Concluding her sermon, Benz exhorted progressives in the UMC to “stand firm” in their “freedom” against persecution. She said Methodists faced a choice: “Stand with the oppressed, or placate the majority.”

  1. Comment by ConfessionPastor on June 7, 2016 at 5:00 pm

    So, I guess she is saying we can live any old way we want, right? Because of grace? Has she read the book of Romans, and seen what Paul actually said? I don’t think so. But the Bible like the Book of Discipline is really just useless material?

  2. Comment by Mikey R on June 7, 2016 at 5:31 pm

    Perhaps she should check out what Jesus said before she rants about 21st century liberal causes. He was very clear on marriage, gender and the sanctity of life. I’m going to stick with the Son of God on these.

  3. Comment by Philip on June 7, 2016 at 5:43 pm

    Sounds like a good basis for a new denomination. Oh, I forgot, humanists don’t participate in organized religion.

  4. Comment by Puddleglumm on June 7, 2016 at 10:00 pm

    I agree with Philip, Mike R, and Confession Pastor. The problem is that we have pastors in the UMC who aren’t even Christians. They are total apostates as described in Jude and elsewhere. Some UMC pastors sound more like Unitarian Universalists than Methodist Christians!

  5. Comment by Nat Alee on June 8, 2016 at 8:15 am

    She should probably join the Episcopal Church and be done with it. She’d be much happier in a church that doesn’t believe in anything.

  6. Comment by odot1 on June 8, 2016 at 8:24 am

    Thank you for your reporting on this issue. Normally I do not read these news items, since they concern a denomination I long ago left because I could see the writing on the wall. Still I am saddened, profoundly so, to read Benz’s words, which are so patently angry, vitriolic, and accusatory against orthodox Christians like me who engage in a pastoral care of all of God’s creation without abdicating to militant sexual deconstruction. Nor, however, do I take any joy in seeing the fruits of the lassitude of Methodists since the turn of the LAST century which I consider to be largely responsible for producing this kind of apostasy and for giving it a platform today. Still, when you adopt a “Christ as (or “of”) culture” model, you may end up with the Deutsche Christen movement, or you may end up with this, but to both orthodox Christians must simply say “Nein”, stand firm, and let God act in His time.

  7. Comment by Dan on June 8, 2016 at 10:52 am

    Antinomian heretic! Probably a Pelagian heretic too 🙂

  8. Comment by The Dove on June 8, 2016 at 11:32 am

    There is no “persecution” at all, they’re just peeved because the other mainlines are openly ordaining gays, while the UMs continue to be hypocrites about it – they accept it, just not “officially.”

  9. Comment by Joan Watson on June 8, 2016 at 1:24 pm

    I read her rambling rant on one of the liberal/progressive websites shortly before GC–she is such a lost soul in desperate need of God’s saving grace. Problem is she has alienated herself from those who could help her get there. She obviously does not have a clue what a covenant is. I find her gauntlet about “Stand with the oppressed or placate the majority” interesting–possibly an unintentional acknowledgment of the lostness of the cause she has vested herself in.

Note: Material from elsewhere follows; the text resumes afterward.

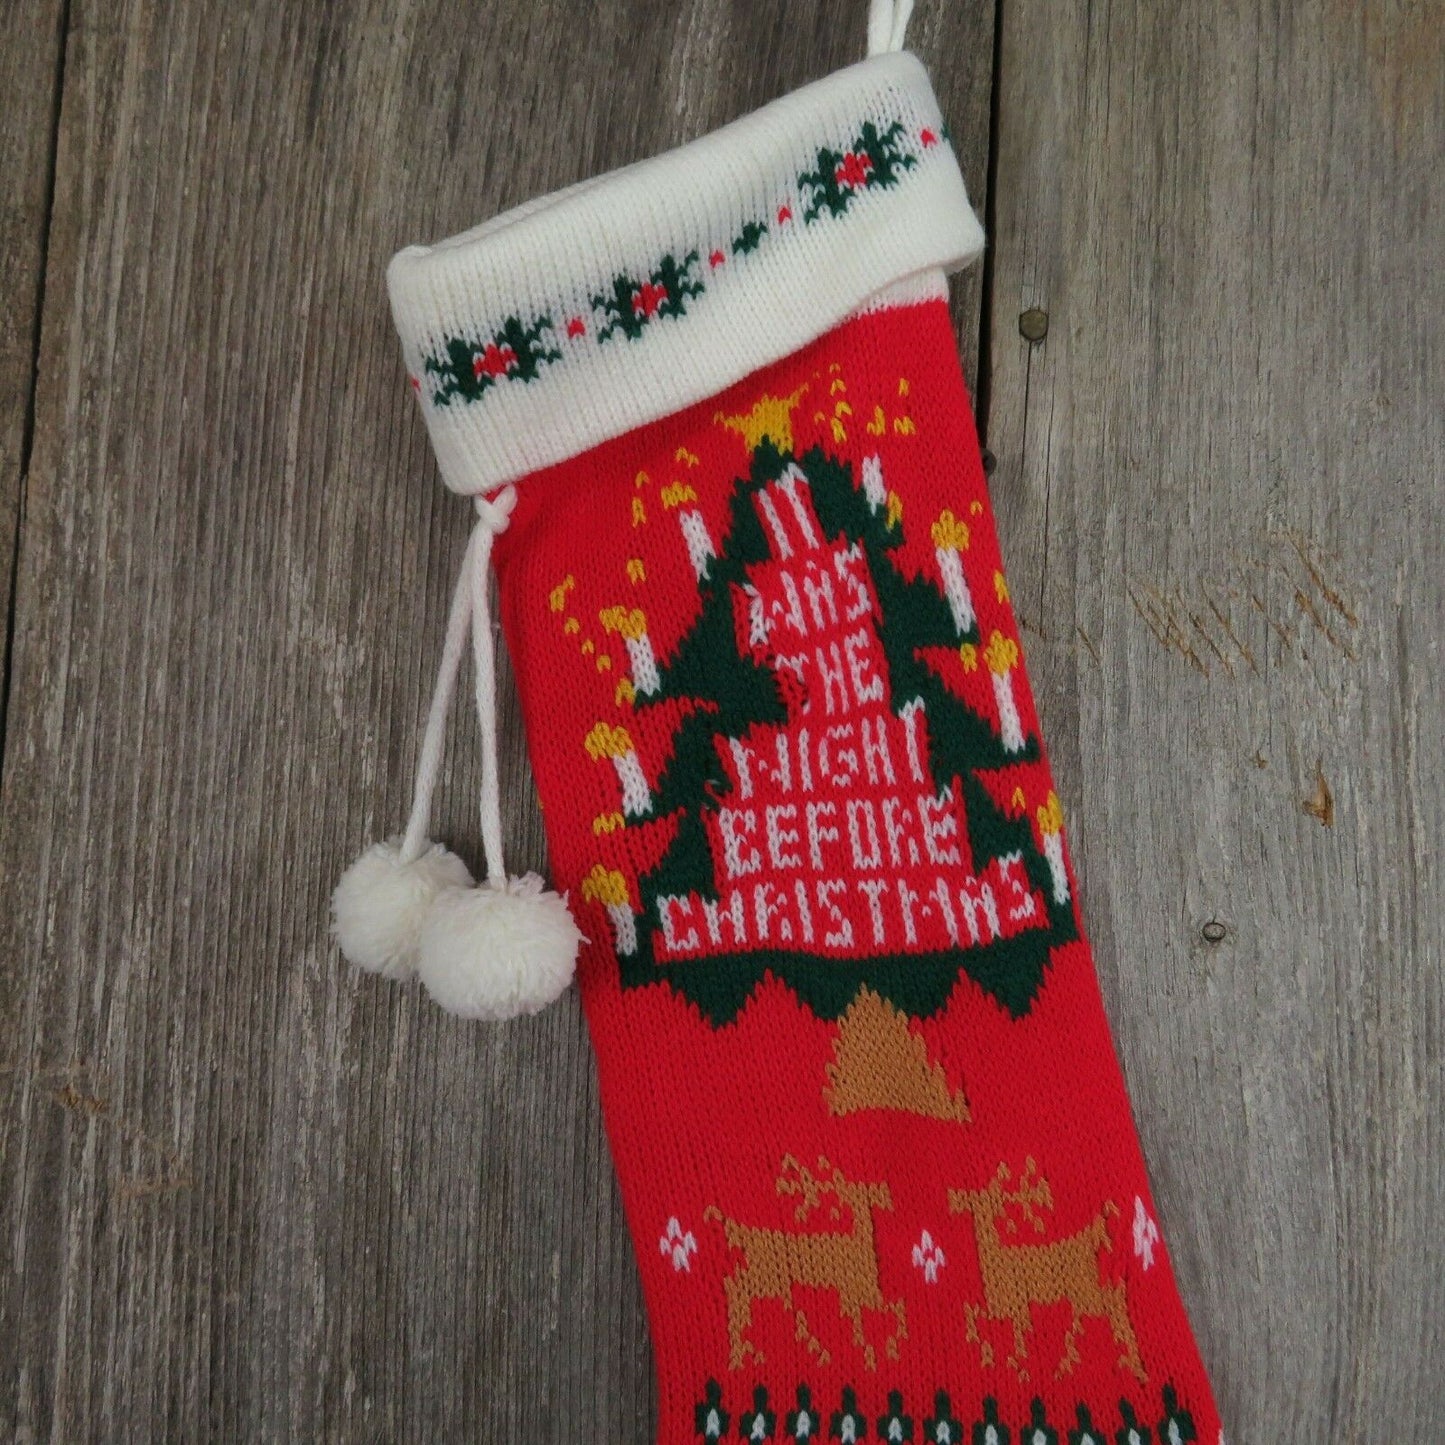 Vintage Stocking Knitted Knit Night Before Christmas Tree Reindeer Red White - At Grandma's Table

  10. Comment by eric pone on June 9, 2016 at 5:59 pm

    There appears based on the article and comments no middle ground. There is going to be a splitting of the baby. Has anyone considered though people in the middle who would leave the church and just stay home?The extremists on both sides seem to feel like the mushy middle will just go along with whatever they put on us. That is not correct. Many of the nones are people who could care less about either a conservative or a liberal mindset. They just want to experience God. And both sides have chased them to their homes, coffee shops, restaurants, golf courses etc and closed their ears and hearts to the church. It is sad that in many ways Jesus isn’t being exhorted to them because we are wasting energy and capital over how to split the baby. If either side “wins” the church dies in the US. Do folks realize this or are they just so set that allowing the it to whither is an ok propsition.